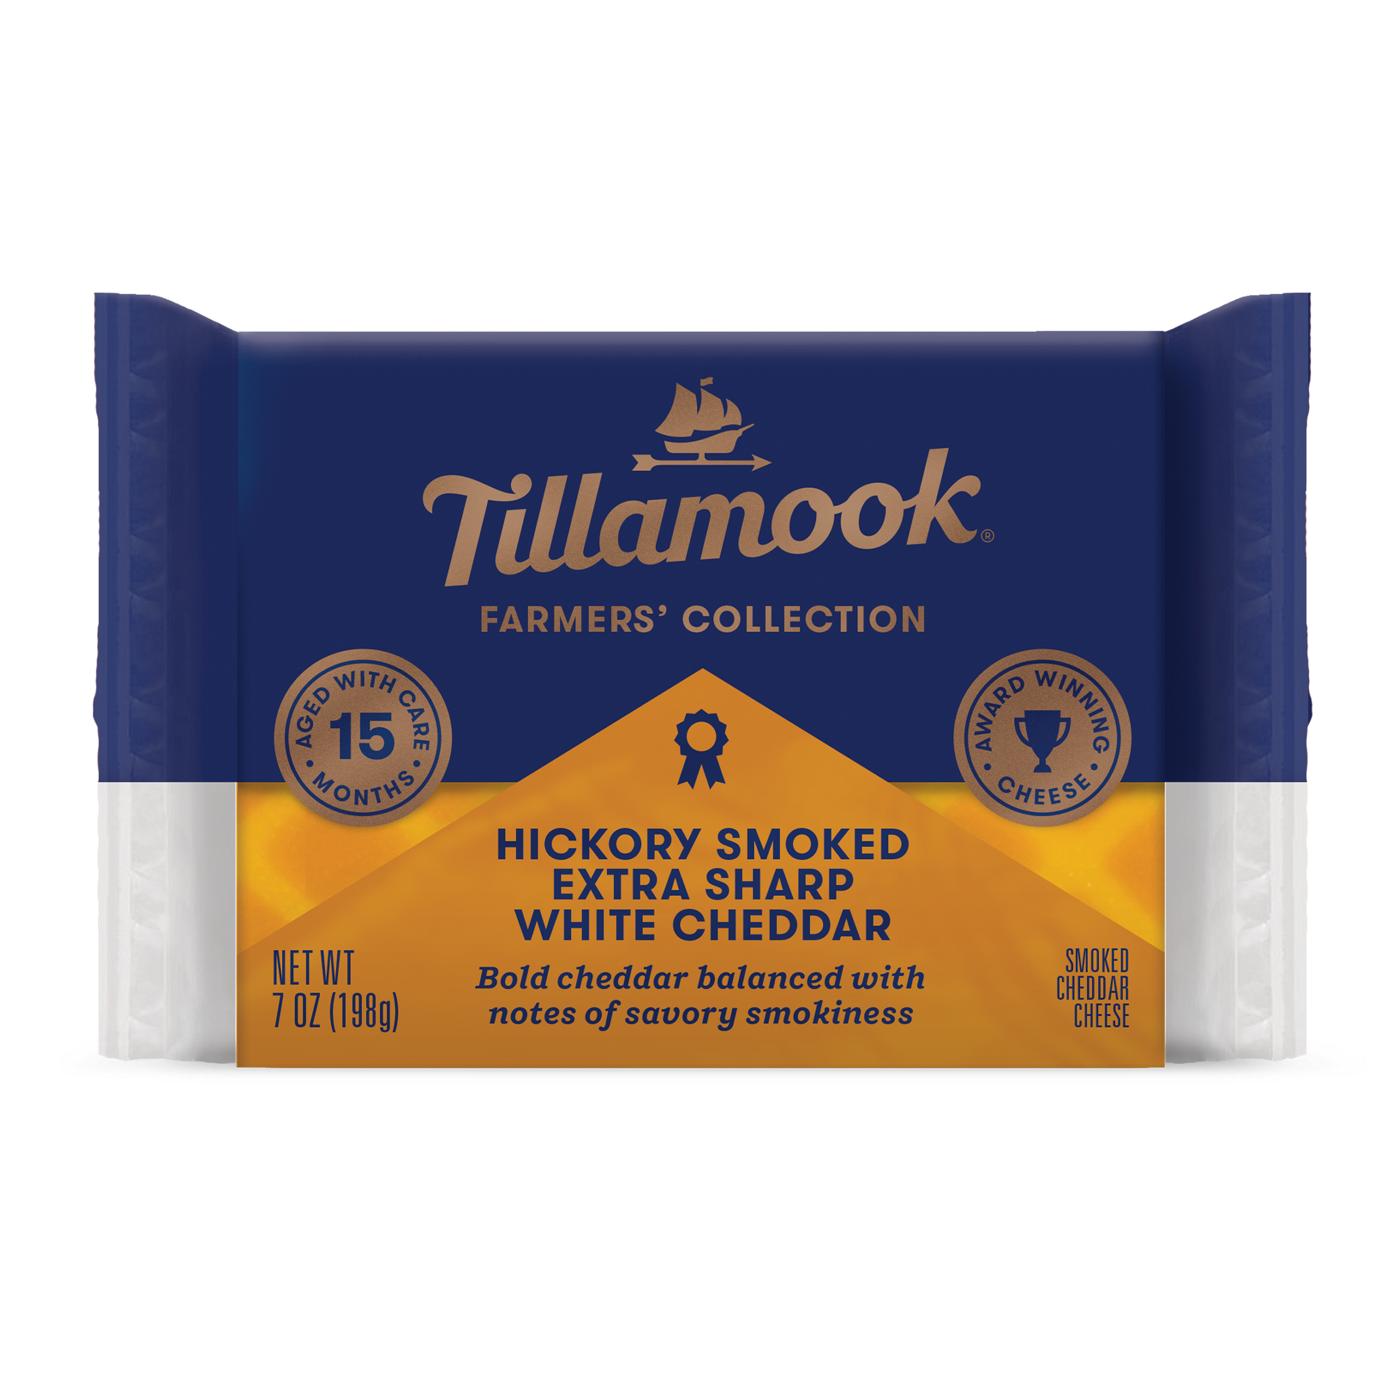 Tillamook Farmers' Collection Hickory Smoked Extra Sharp White Cheddar Cheese; image 1 of 6
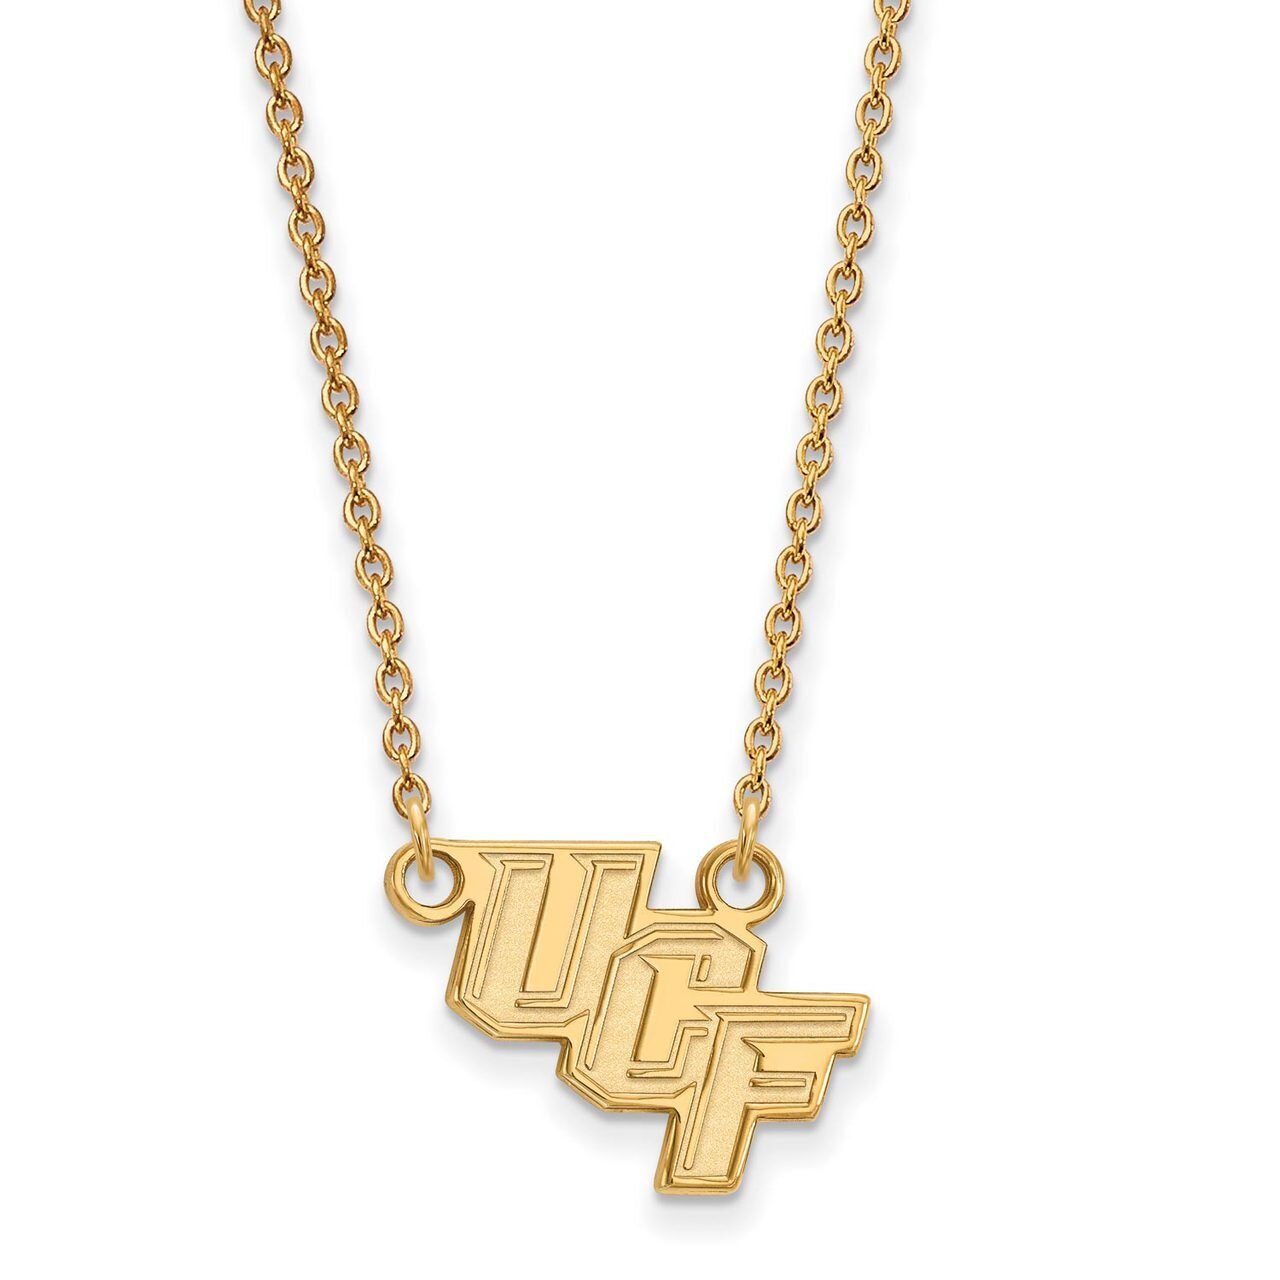 University of Central Florida Small Pendant with Chain Necklace 10k Yellow Gold 1Y011UCF-18
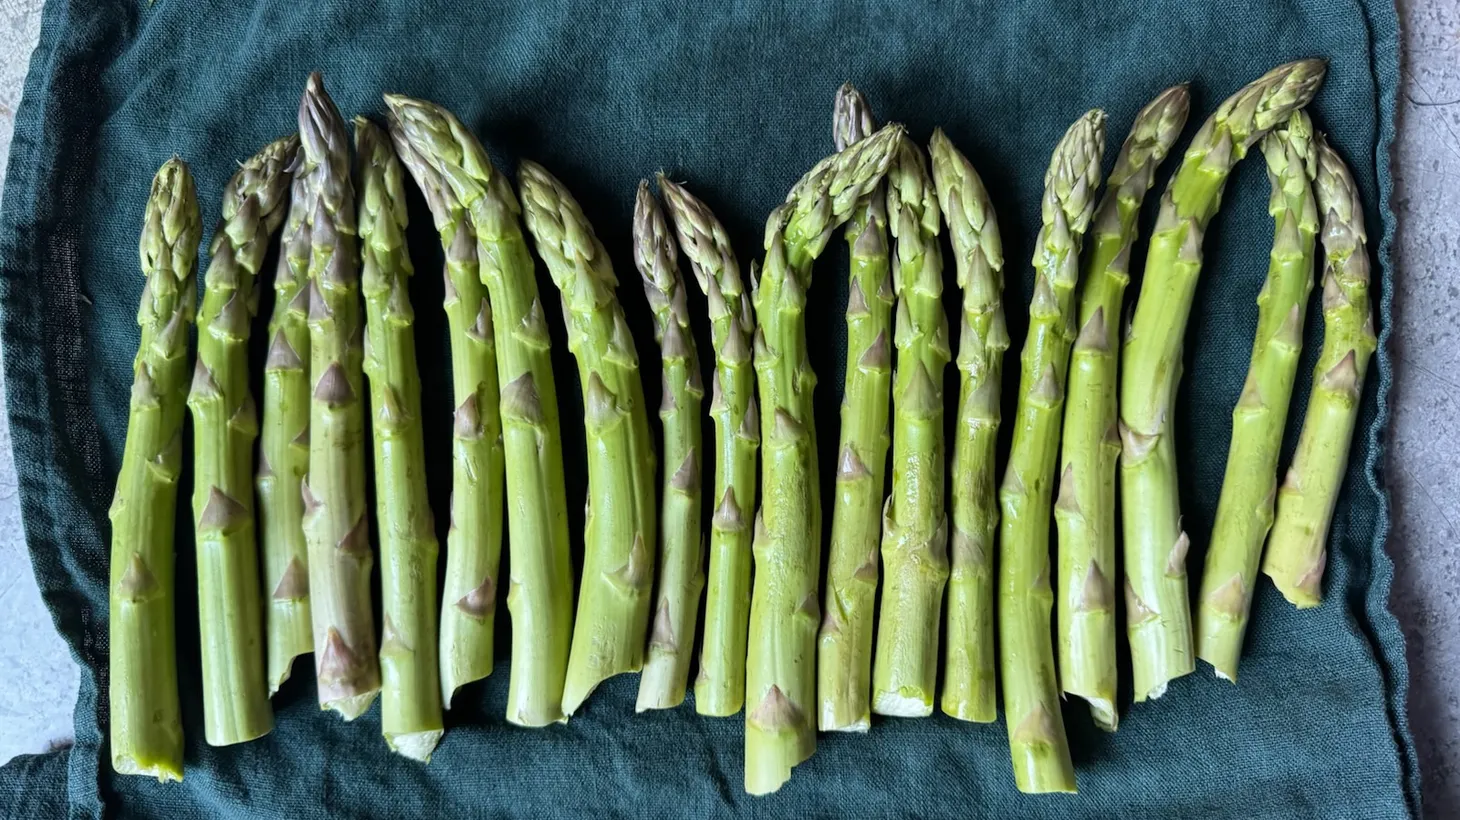 Zuckerman Family Farms grows asparagus revered by chefs but limited supply puts a halt to its farmer's market appearances.

#### The task
Every line above should be returned exactly; the pictures stay out.

#### Written answer
 Tillamook Farmers' Collection Hickory Smoked Extra Sharp White Cheddar Cheese; image 1 of 6
 University of Central Florida Small Pendant with Chain Necklace 10k Yellow Gold 1Y011UCF-18
 Zuckerman Family Farms grows asparagus revered by chefs but limited supply puts a halt to its farmer's market appearances.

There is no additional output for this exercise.